Perhaps most bizarrely of all – particularly given the investment some companies have made in installing state-of-the art control rooms – many operators still rely on paper-based contact lists to identify the most appropriate engineers to respond to alerts. Furthermore, once they have identified the right person, their means of contacting them is the long-hand process of dialling the number, waiting for a response and then calling the next person on the list if the first attempt fails. Fundamentally, in a high-risk environment where every second counts, many centralised alarm management systems still require operators to carry out a high number of manual processes where time just ebbs away. It’s time they don’t have.

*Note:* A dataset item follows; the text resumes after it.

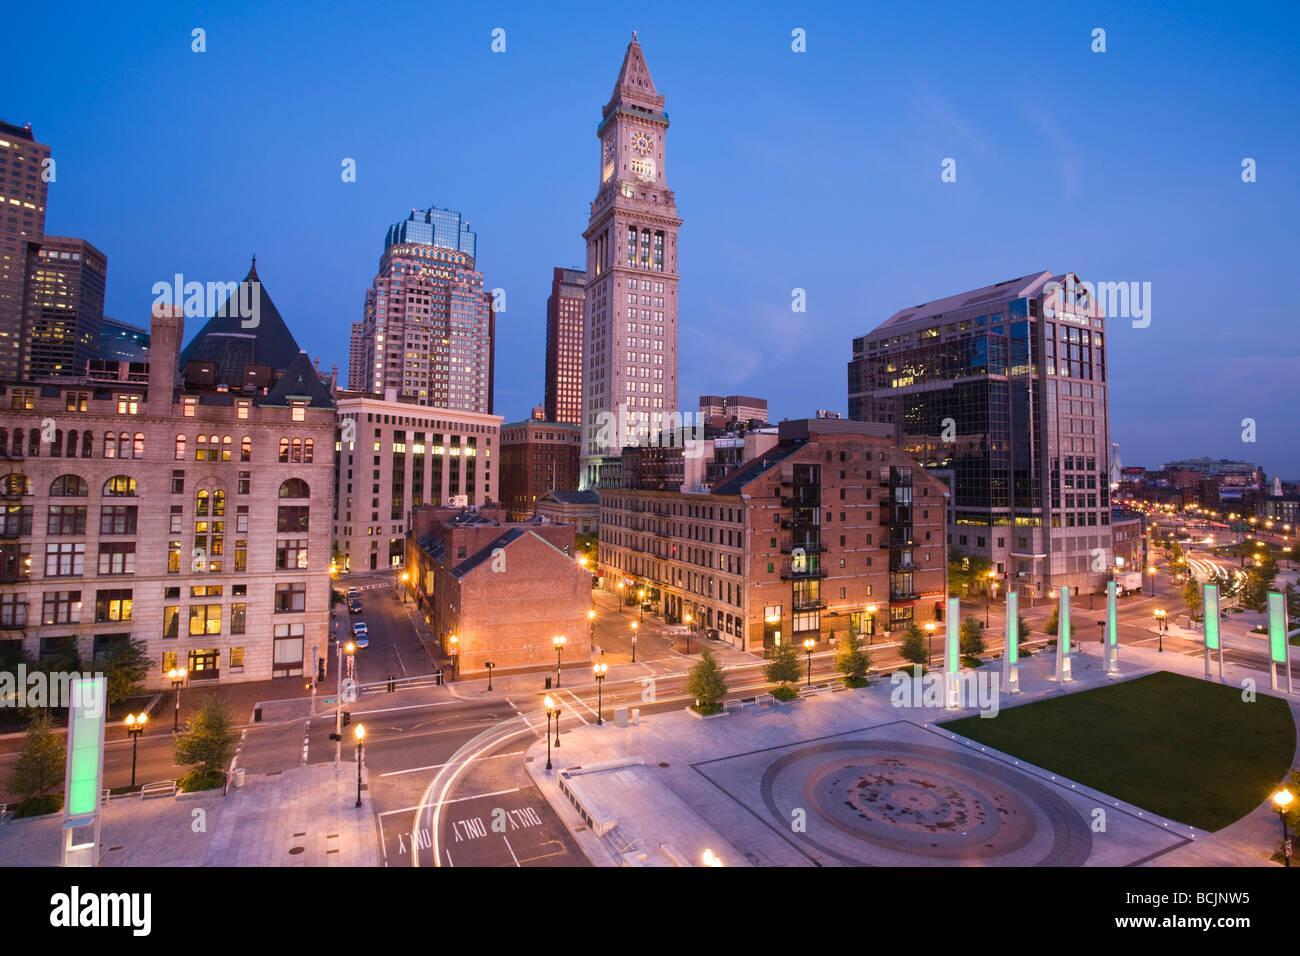 USA, Massachusetts, Boston, Atlantic Avenue Greenway and Customs House - Stock Image

The approach is a hostage to fortune; if two critical alerts land at the same time, which gets dealt with first? If the control room is busy, does the operator spot either? And if they do, do they recognise the potential severity? Maybe. Maybe not. The fact is that most businesses simply don’t know.

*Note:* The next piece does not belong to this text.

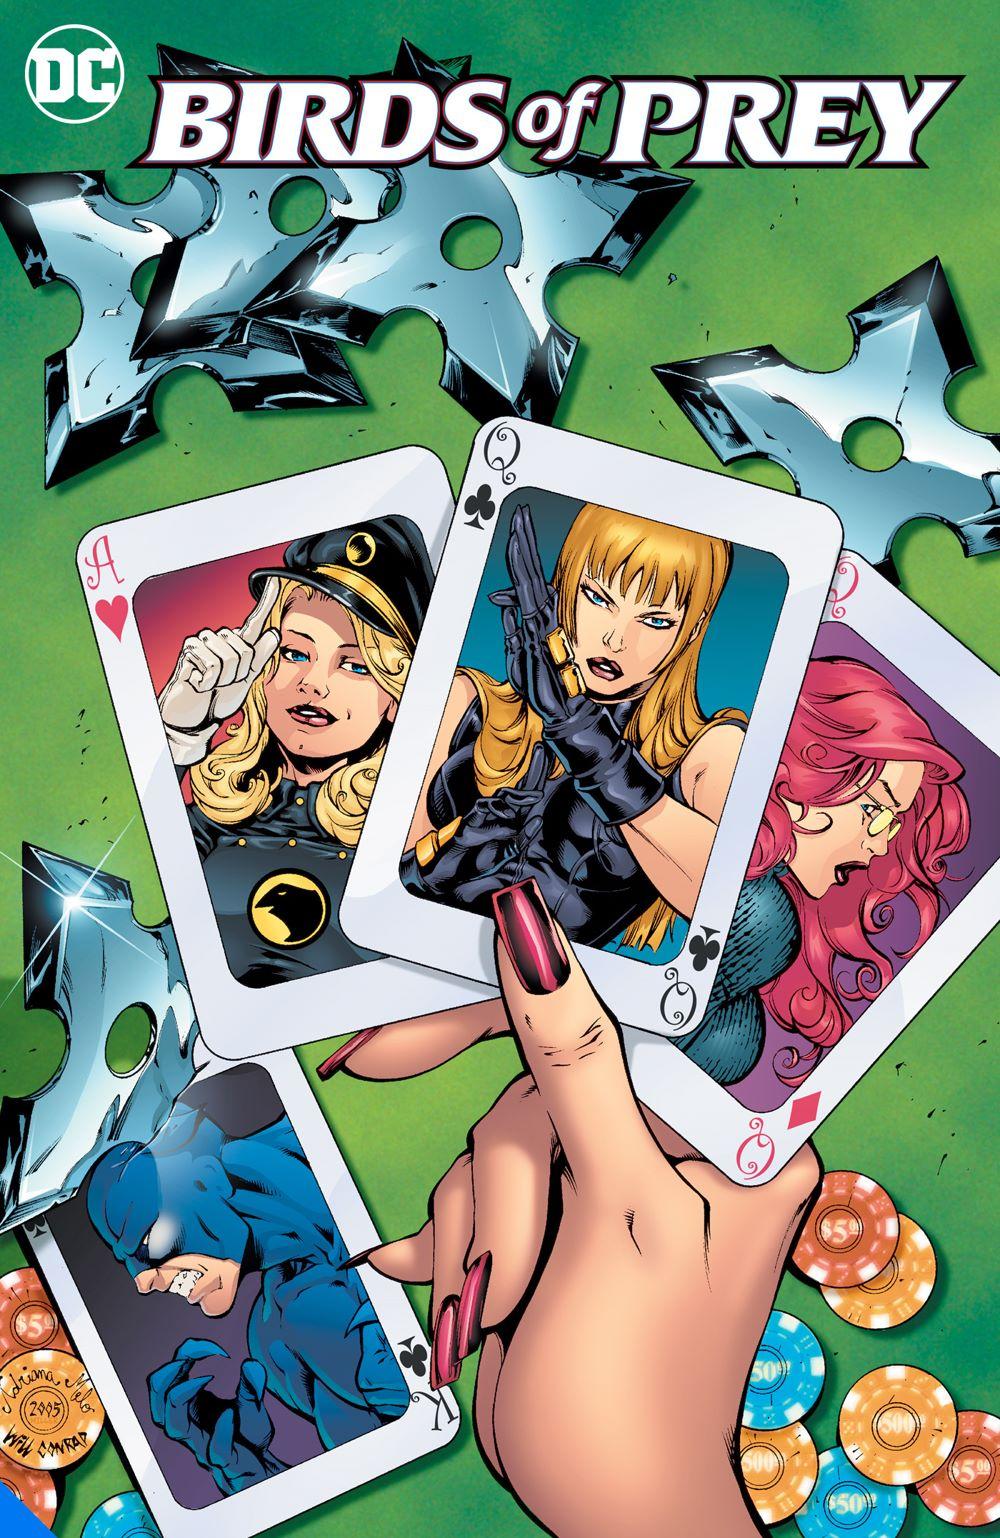 birdsofpreyfightersbytrade_adv DC Comics August 2021 Solicitations

Thankfully, technology can provide an effective and affordable solution. With the combination of pragmatic processes and familiar tools, critical alerts can be automated to go directly to the mobile devices of the most appropriate engineers, on-site. Those same alerts can still be flagged to the control room, but operators will be able to see that a critical task has been escalated, accepted and actioned by the best-placed person for the job. And if it hasn’t, they can check and challenge in the normal way. Crucially, the time-lapse between an operator receiving and responding to an alert is completely removed.

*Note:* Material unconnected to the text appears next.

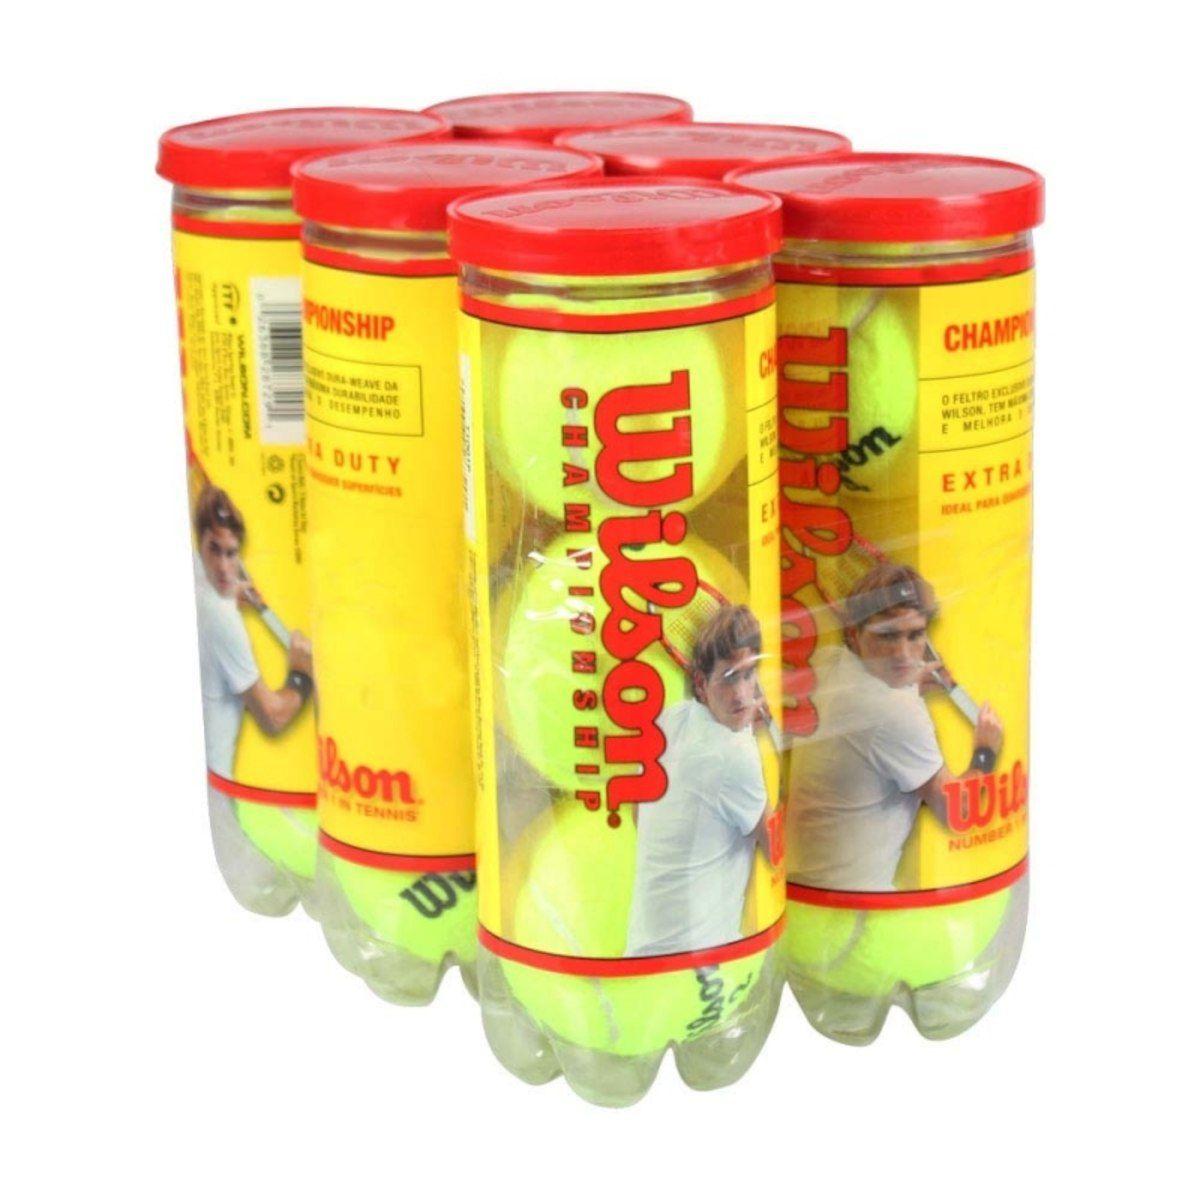 Bola de Tenis Wilson Championship - 6 tubos 18 Bolas.

This simple process can accelerate response times and free busy operators to focus on managing less time critical tasks. In an environment where speed and clarity of communication is crucial, the automated process also reduces the risk of the severity of a situation being misunderstood, miscommunicated or lost in translation. Moreover, it provides real-time visibility for engineers on-site, and a robust audit trail for businesses that strengthens governance in this critical area.

Fundamentally, companies’ approach to managing critical alerts is key to assuring business continuity, regulatory compliance and employee safety. But, as ISA-18.2 outlines, alarm management is not about technologies – it is about processes. Many of those processes can – and indeed should – be automated. That’s why the most successful companies will be those who work with a partner that can map the parts of their business where processes can be automated – and design alarm management systems that safeguard their entire operations.

The high-profile fines imposed on Tesco and a whole variety of utilities companies should act as a wake-up call to industrial organisations that don’t yet have fully automated alarm management. Conversely, the name ‘Firth Rixson Metals’ may not ring a bell. But what happened to them could just as easily happen to you. And that should automatically be enough to set alarm bells ringing. It’s time to act on them – quickly.